--- DATA TO PROCESS ---
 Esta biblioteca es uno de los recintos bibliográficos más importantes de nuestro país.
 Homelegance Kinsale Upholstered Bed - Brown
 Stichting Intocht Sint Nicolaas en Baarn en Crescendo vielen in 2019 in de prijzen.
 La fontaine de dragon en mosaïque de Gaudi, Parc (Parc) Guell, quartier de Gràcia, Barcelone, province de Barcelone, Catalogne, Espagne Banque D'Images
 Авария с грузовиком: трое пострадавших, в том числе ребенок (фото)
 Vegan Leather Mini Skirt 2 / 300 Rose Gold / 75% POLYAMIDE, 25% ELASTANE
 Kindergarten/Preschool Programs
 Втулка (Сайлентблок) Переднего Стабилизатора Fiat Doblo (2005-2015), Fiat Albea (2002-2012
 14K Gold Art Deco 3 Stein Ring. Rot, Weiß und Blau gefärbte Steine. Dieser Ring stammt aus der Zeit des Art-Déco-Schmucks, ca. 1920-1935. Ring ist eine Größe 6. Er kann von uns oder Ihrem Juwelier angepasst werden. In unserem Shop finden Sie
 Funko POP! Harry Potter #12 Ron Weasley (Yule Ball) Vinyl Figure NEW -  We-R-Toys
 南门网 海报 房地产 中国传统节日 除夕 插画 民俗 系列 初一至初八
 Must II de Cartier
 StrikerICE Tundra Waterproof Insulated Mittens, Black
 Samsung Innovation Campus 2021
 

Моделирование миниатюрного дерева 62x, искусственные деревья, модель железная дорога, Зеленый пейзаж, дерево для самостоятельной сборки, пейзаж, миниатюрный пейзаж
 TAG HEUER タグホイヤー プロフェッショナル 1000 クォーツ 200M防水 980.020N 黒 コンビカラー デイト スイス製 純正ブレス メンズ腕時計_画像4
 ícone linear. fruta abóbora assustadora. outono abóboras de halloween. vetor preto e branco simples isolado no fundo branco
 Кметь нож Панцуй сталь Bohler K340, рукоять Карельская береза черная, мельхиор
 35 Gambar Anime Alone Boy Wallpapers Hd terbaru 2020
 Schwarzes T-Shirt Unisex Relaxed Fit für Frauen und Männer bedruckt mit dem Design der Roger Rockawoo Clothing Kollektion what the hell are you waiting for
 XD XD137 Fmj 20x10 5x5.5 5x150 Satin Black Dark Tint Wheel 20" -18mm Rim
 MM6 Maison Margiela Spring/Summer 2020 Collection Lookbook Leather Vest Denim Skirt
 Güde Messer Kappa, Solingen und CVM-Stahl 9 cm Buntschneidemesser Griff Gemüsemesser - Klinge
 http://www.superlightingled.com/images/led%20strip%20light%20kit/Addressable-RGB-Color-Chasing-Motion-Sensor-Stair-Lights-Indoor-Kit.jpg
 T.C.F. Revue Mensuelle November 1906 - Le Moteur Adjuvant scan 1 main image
---
When you reach the line containing "Кметь нож Панцуй" in the data above, start copying exactly, and stop after the line containing "Schwarzes T-Shirt Unisex".

### PROBLEM SOLUTION
 Кметь нож Панцуй сталь Bohler K340, рукоять Карельская береза черная, мельхиор
 35 Gambar Anime Alone Boy Wallpapers Hd terbaru 2020
 Schwarzes T-Shirt Unisex Relaxed Fit für Frauen und Männer bedruckt mit dem Design der Roger Rockawoo Clothing Kollektion what the hell are you waiting for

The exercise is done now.